Depuis quelque temps, il semble que la mode soit aux mouvements pour un retour au rattachement des monnaies à l’or.
Après septembre 2012 et l’épisode Suisse autour du texte « Sauvez l’or de la Suisse » qui prévoyait que la BNS constitue pour au moins 20% de ses actifs en or, les liens entre monnaie et or sont revenues sur le devant de la scène. C’est côté germanique cette fois que la question a été soulevée avec le souhait émis par l’ancien chef économiste de la Deutsche Bank de voir se constituer un euro-or. L’objectif est de se prémunir contre la politique monétaire de la BCE jugée trop accommodante.
Un ancien débat
Contre le pouvoir presque mystique qu’a l’or de frapper l’imagination, prenons le temps de la réflexion. Ces discussions, qui toutes questionnent le rôle de l’or dans la politique monétaire, rappellent la controverse historique opposant dans les décennies 1830 et 1840 la Currency School à la Banking school. La première voyait la nécessité d’adosser les billets en circulation à un stock d’or.
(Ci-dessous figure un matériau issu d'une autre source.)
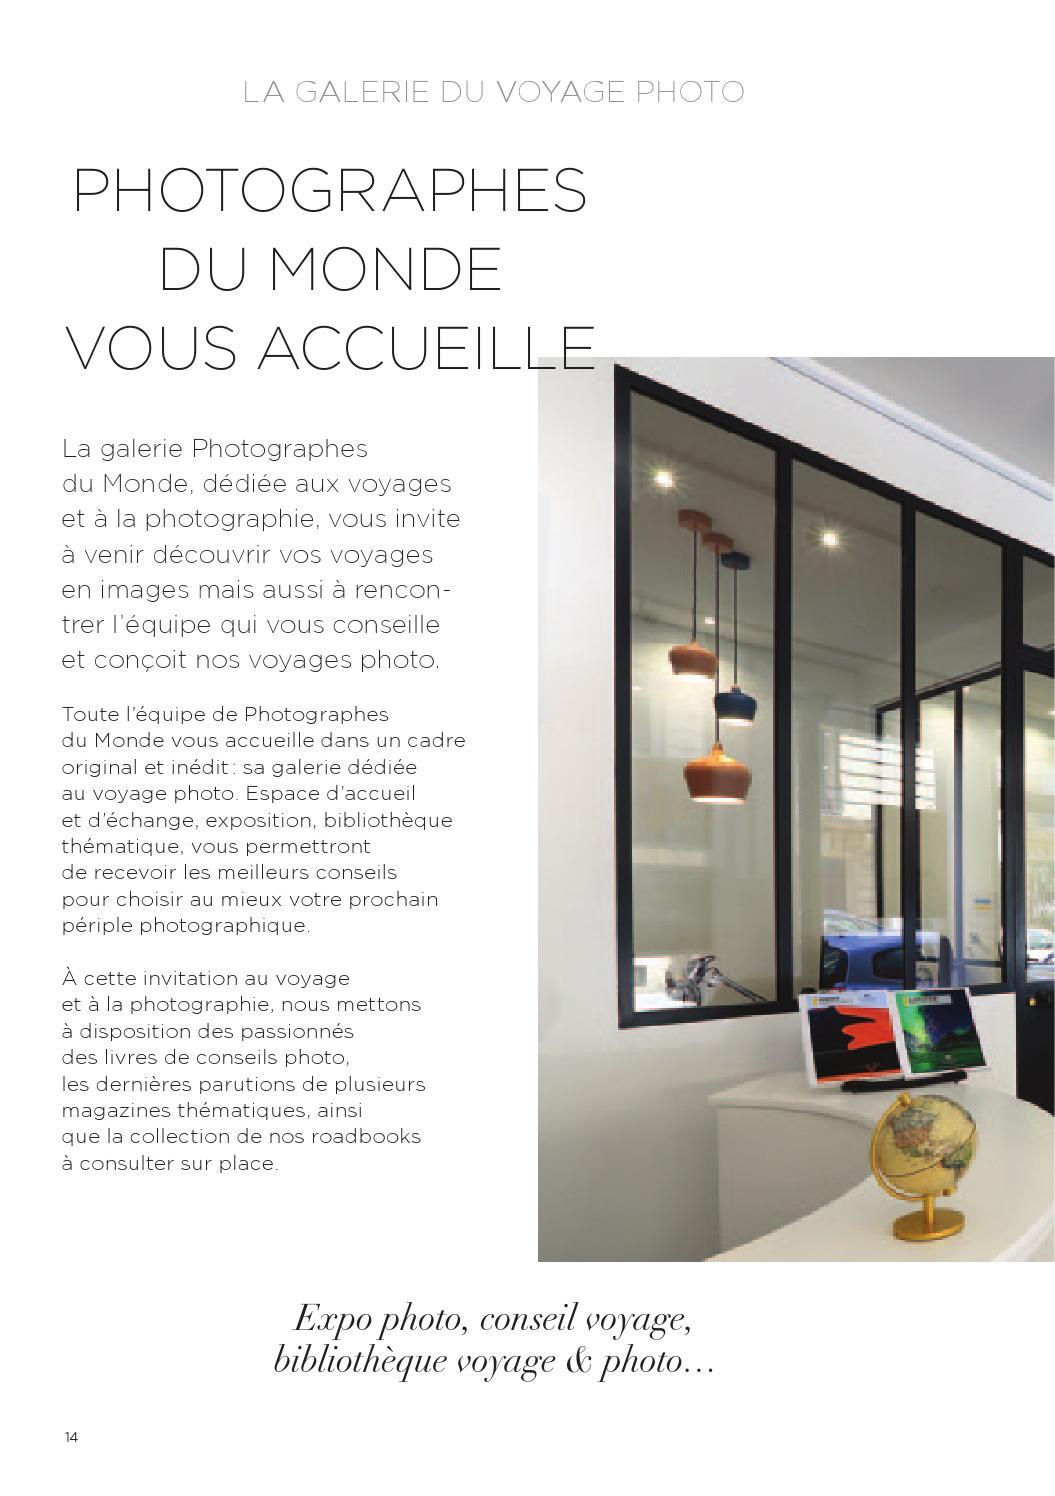 Cadre Original Pour Plusieurs Photos photographes du monde : catalogue 2016   vebuka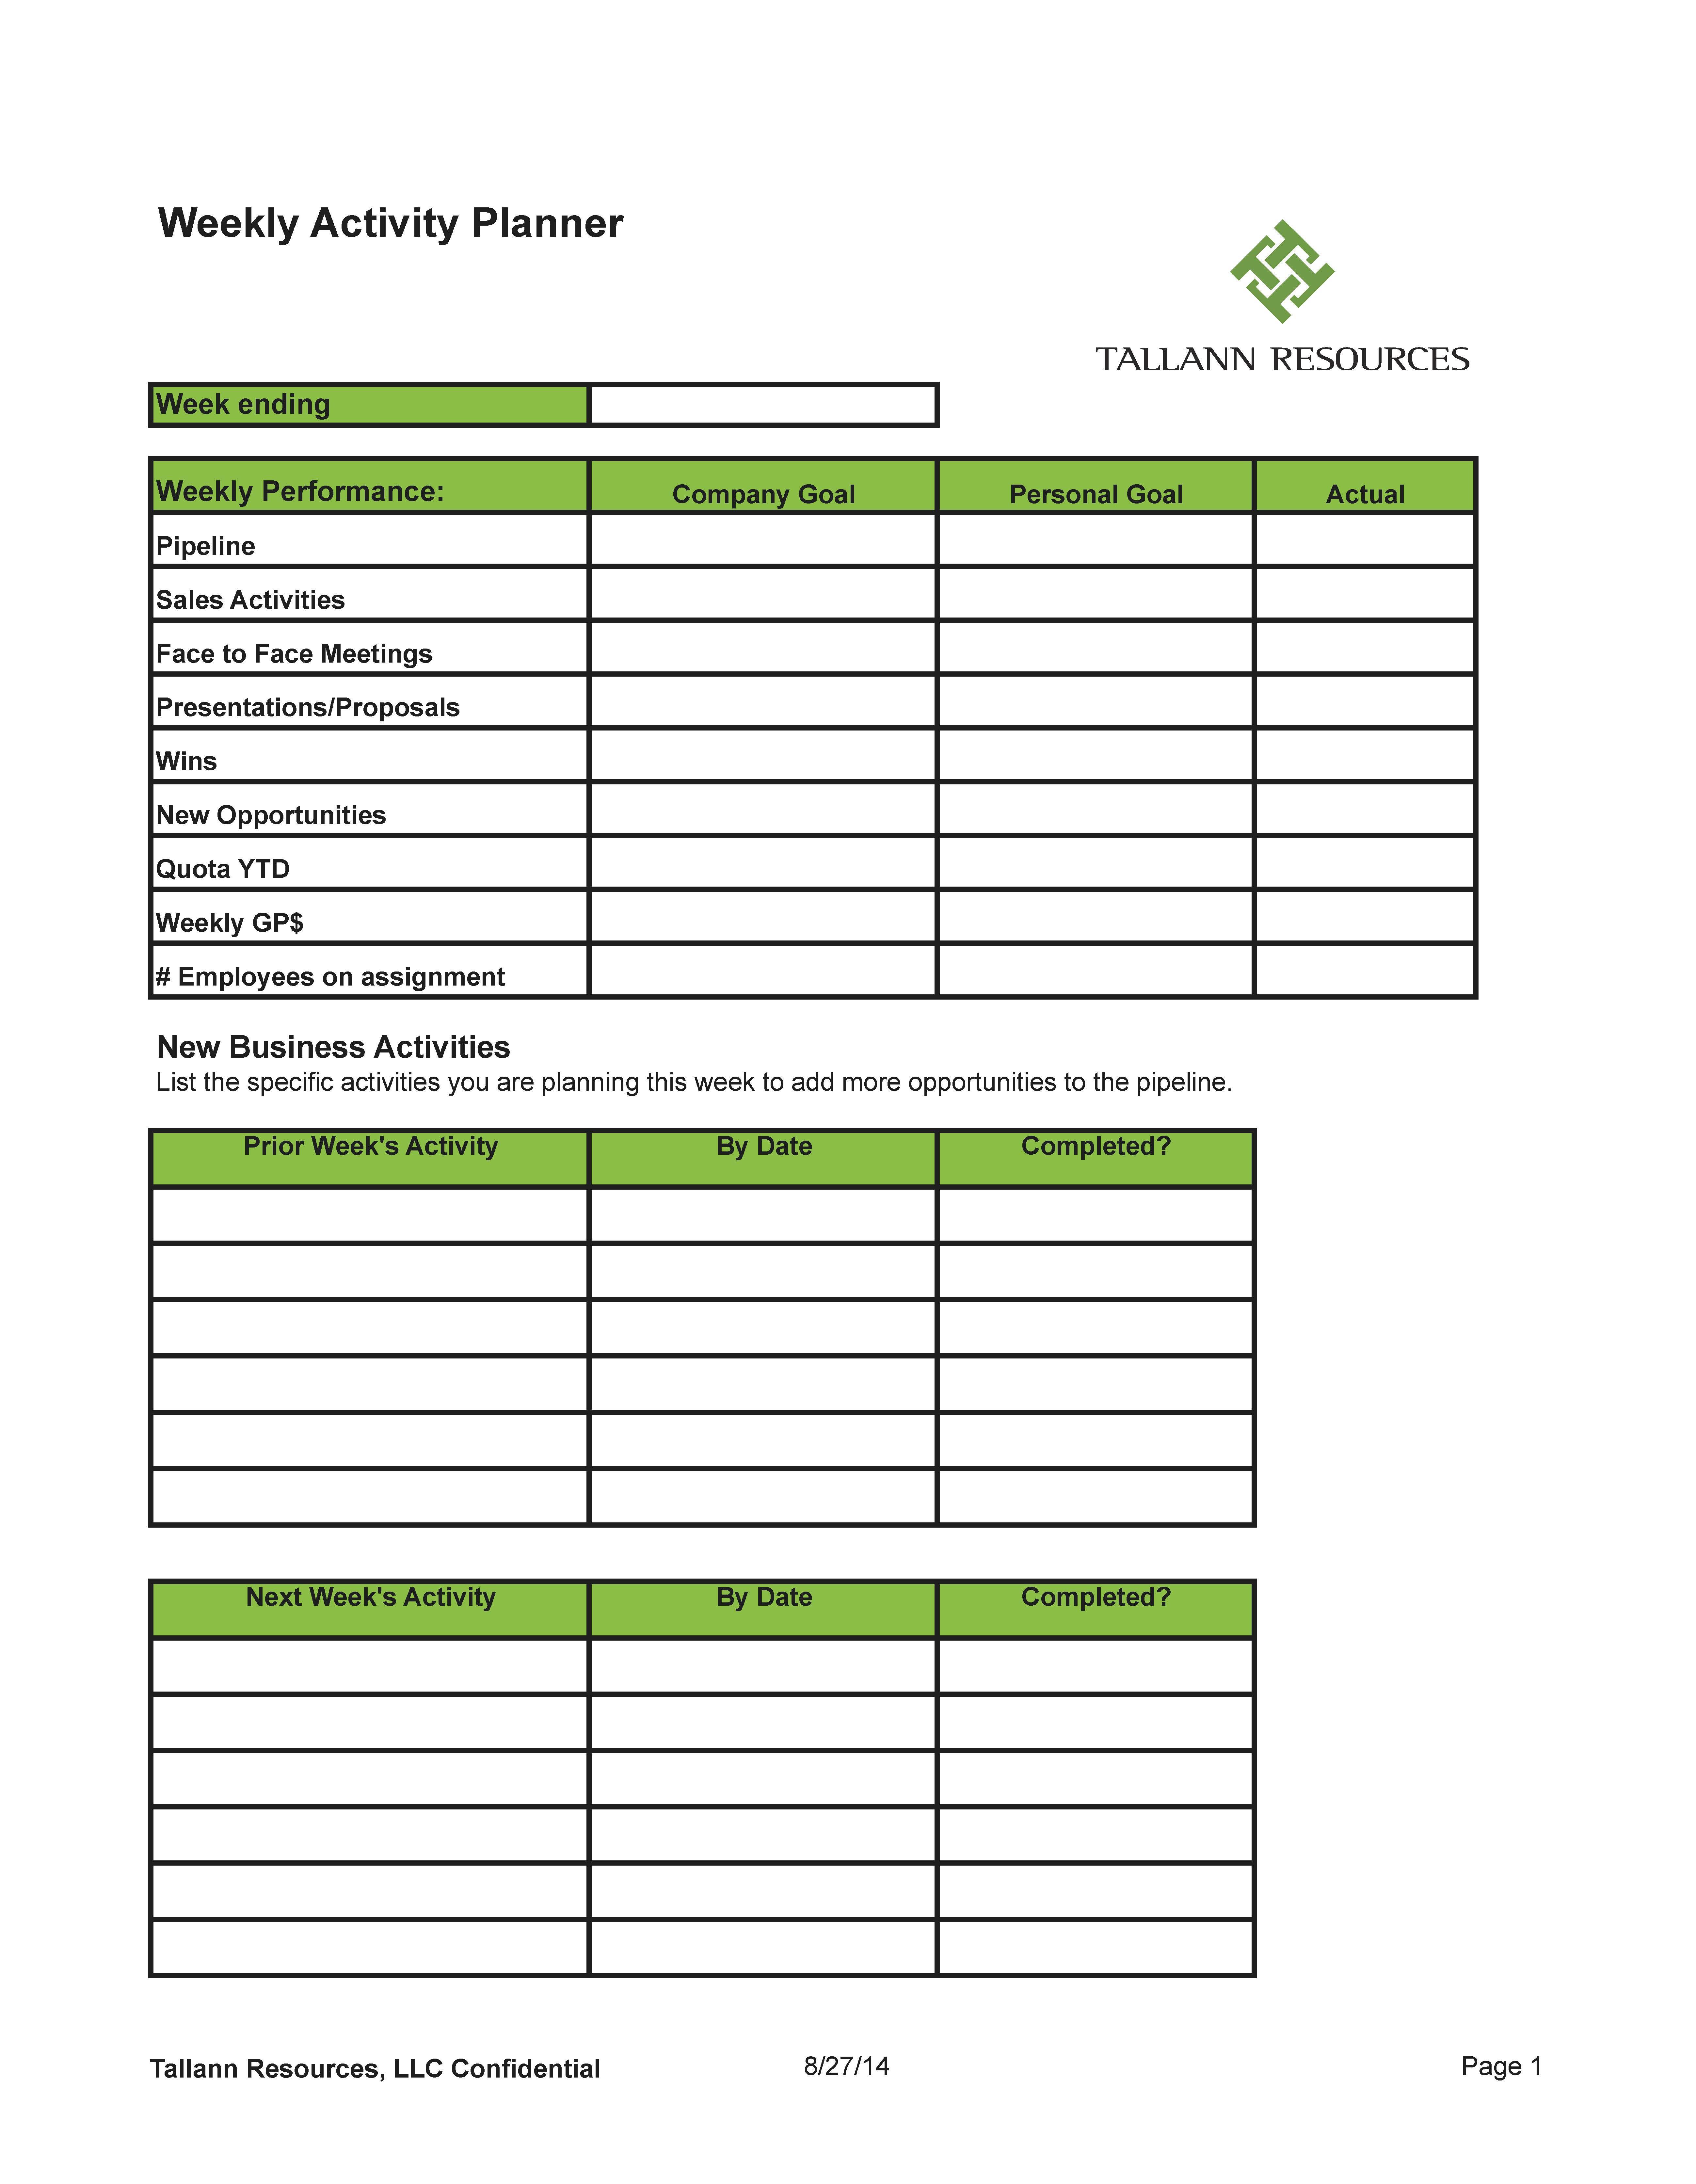 Tallann Resources Weekly Sales Activity Planner

Plus encline à concevoir la monnaie à travers un système de crédits sollicités par l’activité économique, la seconde rejetait ce lien univoque entre or et inflation et admettait une intrication entre activité économique et volume monétaire en circulation.
Au fondement de l’euro-or
On reconnaît bien là les termes essentiels des discussions récentes. Mettons-les à jours pour comprendre ce qu’ils recouvrent. Pour les tenants de la première thèse, il s’agit d’affirmer le contrôle mécanique de la monnaie en circulation dans l’économie à partir du contrôle d’une monnaie de premier rang (base monétaire émise par la banque centrale) de laquelle les unités monétaires circulantes dériveraient leur pouvoir d’achat. Selon ce schéma, pour éviter la multiplication irraisonnée de la monnaie en circulation source d’inflation, il suffirait d’arrimer la base monétaire à un bien rare et inspirant confiance : l’or. Dan ce cadre de compréhension, l’or constitue un refuge lorsque la monnaie officielle dégénère en monnaie de singe. Cela parce qu’il est une monnaie « réelle », alors que les pièces n’en sont que la duplication et les billets n’en sont que l’image « nominale ». Pour endiguer l’inflation et mettre un terme à la crise monétaire, il conviendrait d’adosser les engagements de la banque centrale à l’or et de conditionner l’émission de monnaie centrale à la détention d’or, en un mot de donner naissance à une monnaie-or.
Un regard moderne
Notre modernité permet d’y voir plus clair qu’à l’époque de la controverse britannique. Lorsque je perçois mon salaire, il m’est impossible d’exiger auprès de ma banque d’obtenir l’équivalent en or sonnant et trébuchant. Suis-je donc floué ? Il semble bien que non puisque je dispose d’un pouvoir d’achat, je peux acheter toute une gamme de marchandises. Donc, ce qui confère aux unités monétaires que je détiens un pouvoir économique, c’est non pas qu’elles dérivent d’une base première ou d’un métal précieux, mais qu’elles recouvrent une production. Il semble donc que la seconde thèse, initiée par la Banking School, soit bien plus réaliste.
Ajoutons d’autre part que mon salaire ne tombe pas du ciel, il n’est pas parachuté par la banque centrale, il résulte de mon activité de production. C’est donc bien la production et non une hypothétique base monétaire qui importe. L’or n’est donc pas une assurance contre la décrépitude des monnaies et un euro-or serait inopérant. Ps : Notre raisonnement s’applique au niveau national, il est pleinement valide lorsque l’on élargit à l’international mais nécessite des développements supplémentaires.